Moving On

My Aunt Helen passed away on Friday, just short of her 80th birthday. We got the news that she was taken to the hospital while we were in Florida, and that the situation was dire. Somehow it’s easier when you get a bit of warning. And then again, it’s harder.

There seems to be no good way of leaving this world and making it easier on those left behind. An accidental passing is such a shock. A drawn out illness, even with a peaceful passing at the end, is heartbreaking. Watching someone lose their mental faculties is probably the worst. An older gentleman from church passed away the same day my Aunt Helen did. He’s been in a nursing home far too long. It was difficult for his children when he didn’t know them, but it was devastating when, toward the end, instead of asking “Who are you?” he asked, “Who am I?” Jesus answered that question for him on Friday. He surely told him, “You are Art, my servant and my son. Welcome home.”

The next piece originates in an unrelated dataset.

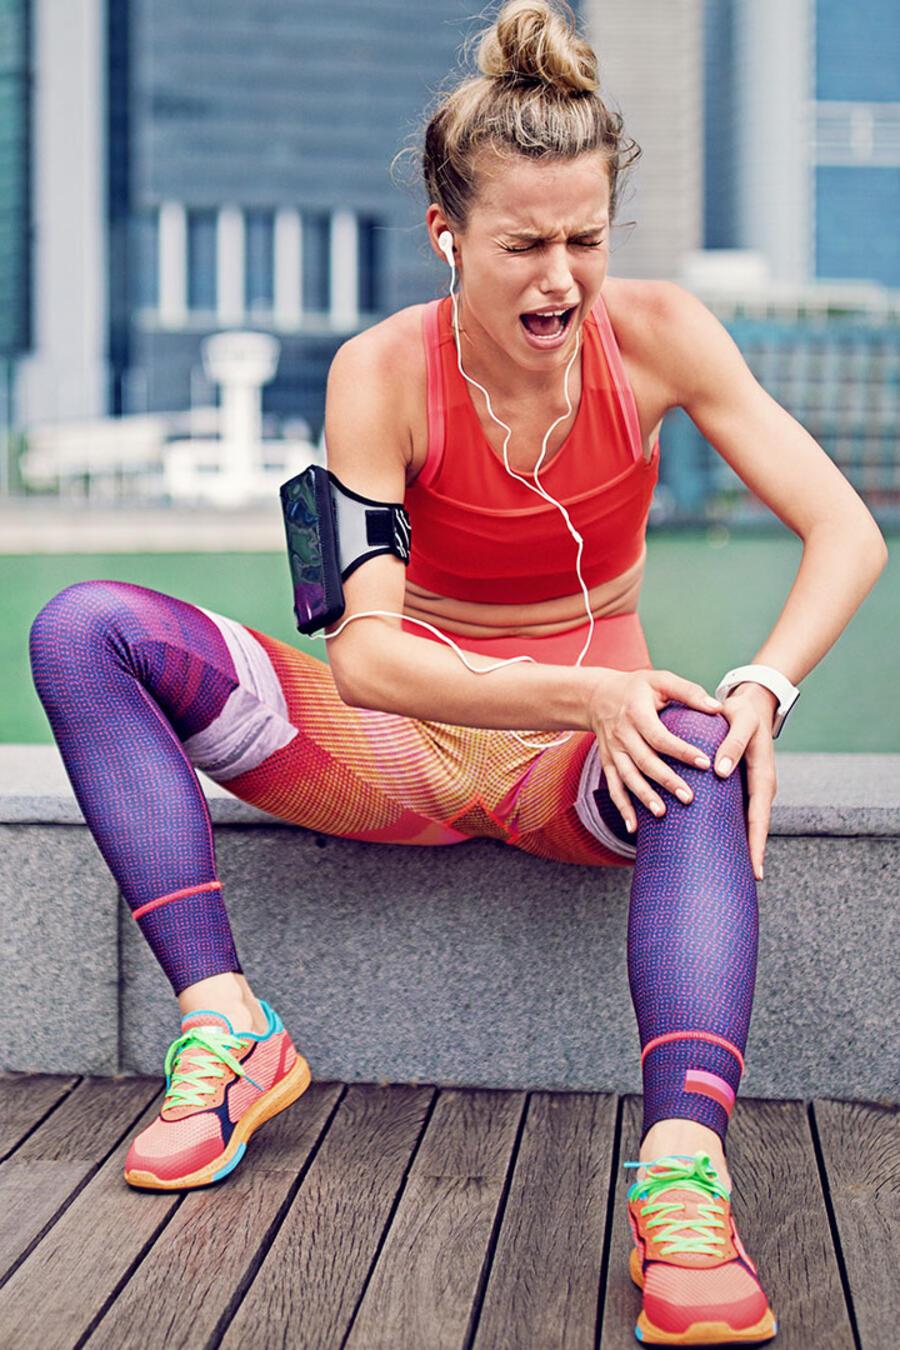 Lesiones al correr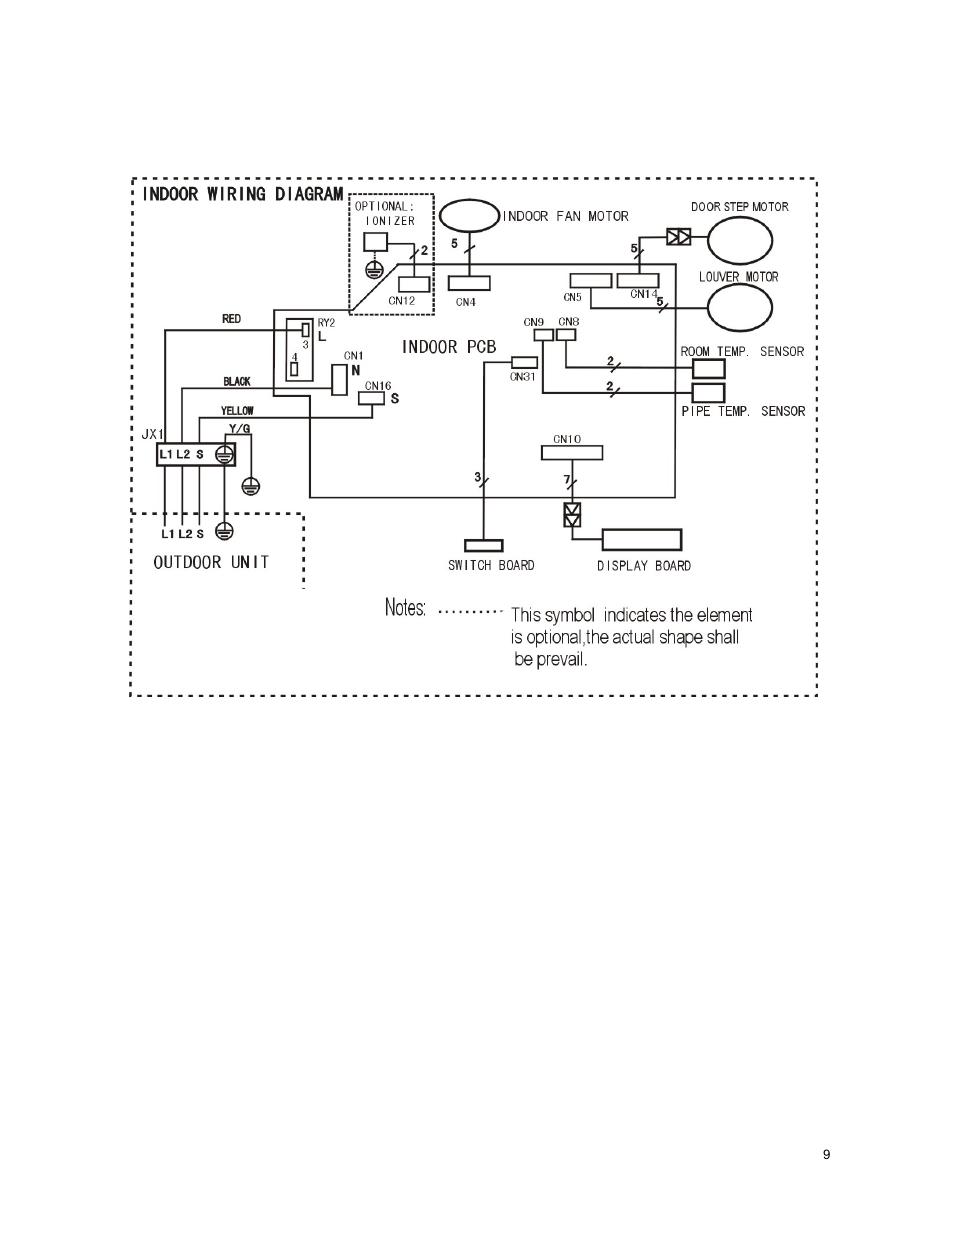 Klimaire Wiring Diagram Free For You 2970 Volkswagen 1 Indoor Unit Ksim Series Service Manual Rh Manualsdir Com Installation

But what about those who never sought Jesus out during their busy lives? I believe in those last days He gives them one more chance to reach out and take that gift of eternal life. That’s how I comfort myself when someone lingers through the last stages of a terminal illness. Because…when my brother was dying and I felt hopeless, God comforted me. There were no audible words, but His Spirit communed with my spirit and told me, “It’s okay.” My overwhelming sadness dissipated because, hey, if God says it’s okay, who am I to question that? I found peace. I believe without a doubt that my brother did too. I still miss him, but I have confidence in a grand reunion…beyond the horizon…over the rainbow…out of this world.